Treatment and groups
Rats received water (for control group) or GUO solution (0.5 mg/ml) for 6 weeks ad libitum in the bottle water immediately from the 2VO surgery. The GUO dose was chosen based on a previously study, which demonstrated that it was neuroprotective against seizures induced by quinolinic acid (Vinadé et al. 2003). The water consumption and body weight were monitored during the period of treatment every 2 days. The animals were randomly assigned to four different groups: sham-operated animals receiving water (SHAM-CT) or GUO (SHAM-GUO) and 2VO operated animals receiving water (2VO-CT) or GUO (2VO-GUO). The purine CSF and plasma level were evaluated after the treatment. The behavioral, histological and proteins analysis were performed 6 months postoperative.
CSF, serum and plasma sampling
CSF and blood (plasma or serum) were collected in two different times after the surgery for different parameters analysis.

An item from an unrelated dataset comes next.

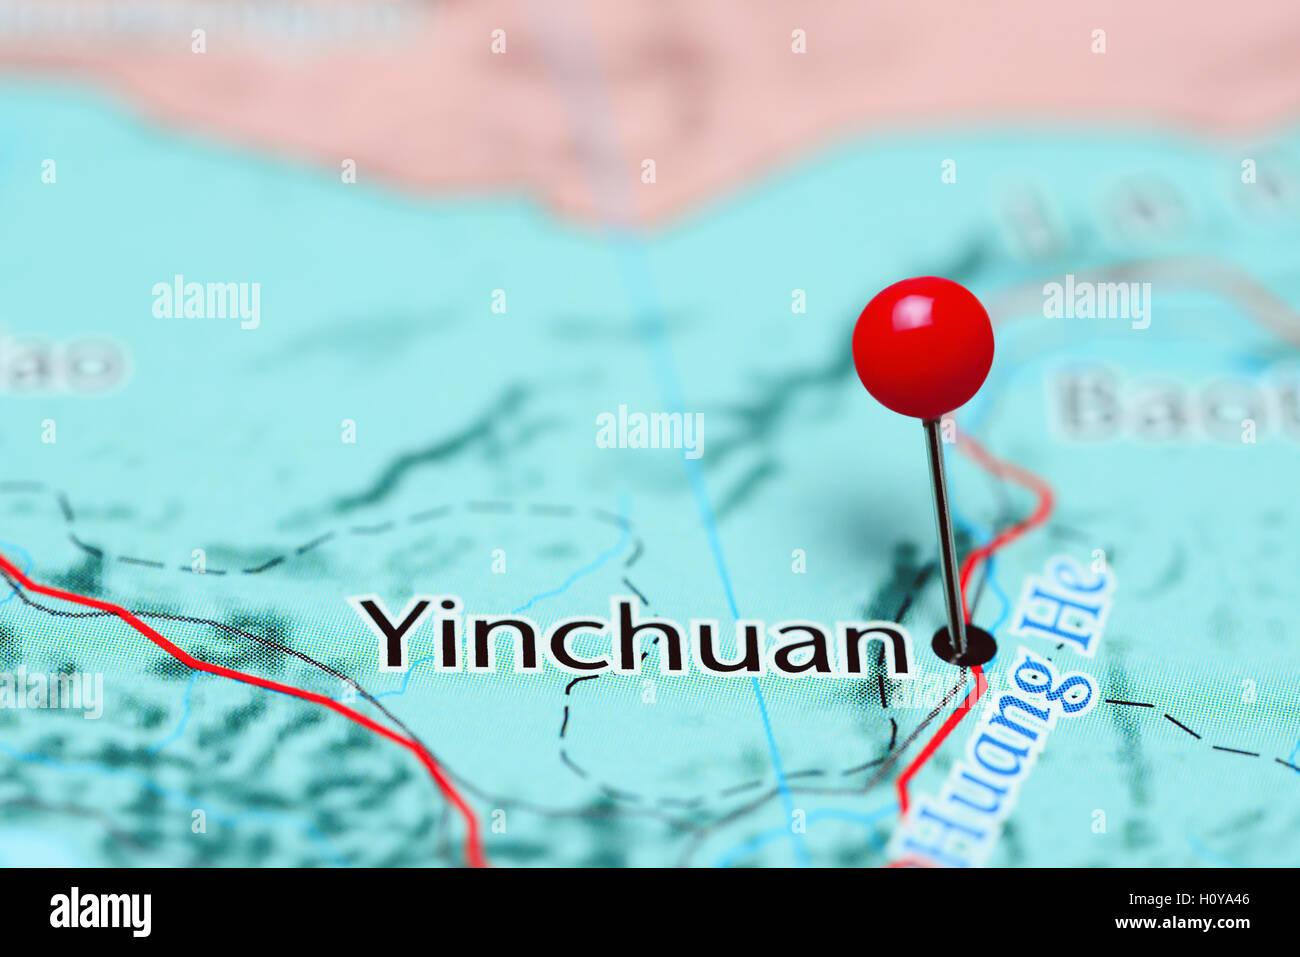 Yinchuan épinglée sur une carte de Chine Banque D'Images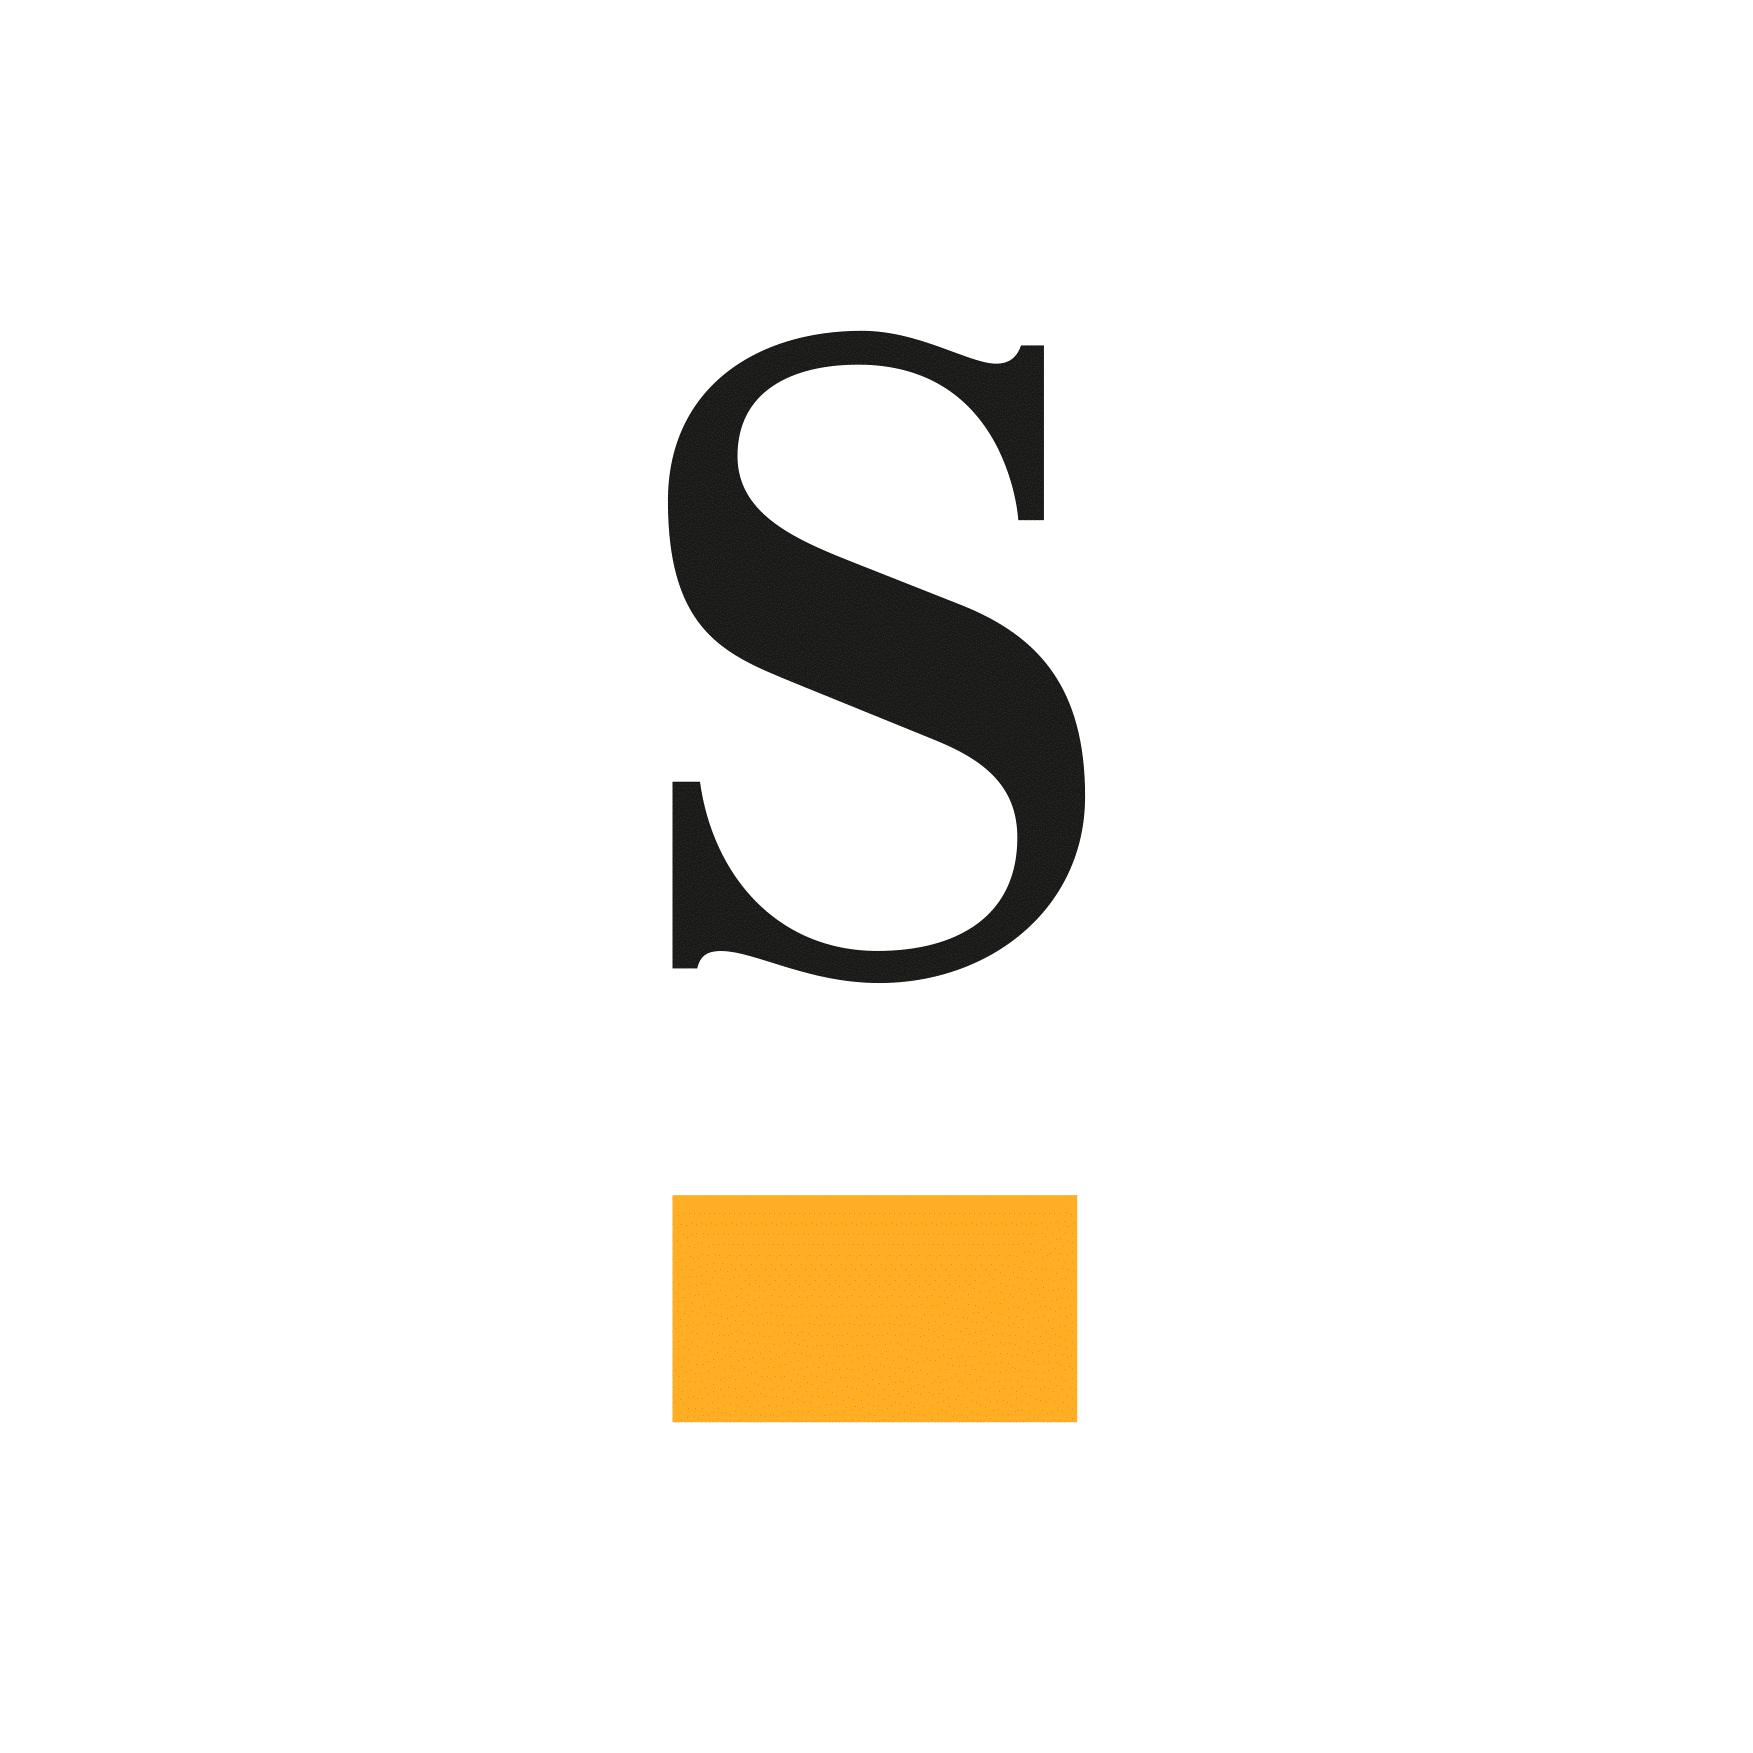 Salaground Services

Six weeks postoperative, 10 animals per group were sacrificed for purine CSF and plasma level measurements. The rats were anesthetized with sodium thiopental (40 mg/kg, 1 mL/kg, i.p.), and whole blood was obtained through a retrobulbar venous plexus puncture using a capillary tube. Plasma was separated by centrifugation at 3,000g for 10 min RT in a sodium-citrate tube. After, the animals were then positioned in a stereotaxic holder for CSF collection from the cisterna magna. The puncture was performed using an insulin syringe (27 gauge 9 1/200 length). The CSF were then centrifugated at 3,000g for 10 min 4°C to obtain a CSF cellfree supernatants. The CSF and plasma samples were frozen (−80°C) until analysis.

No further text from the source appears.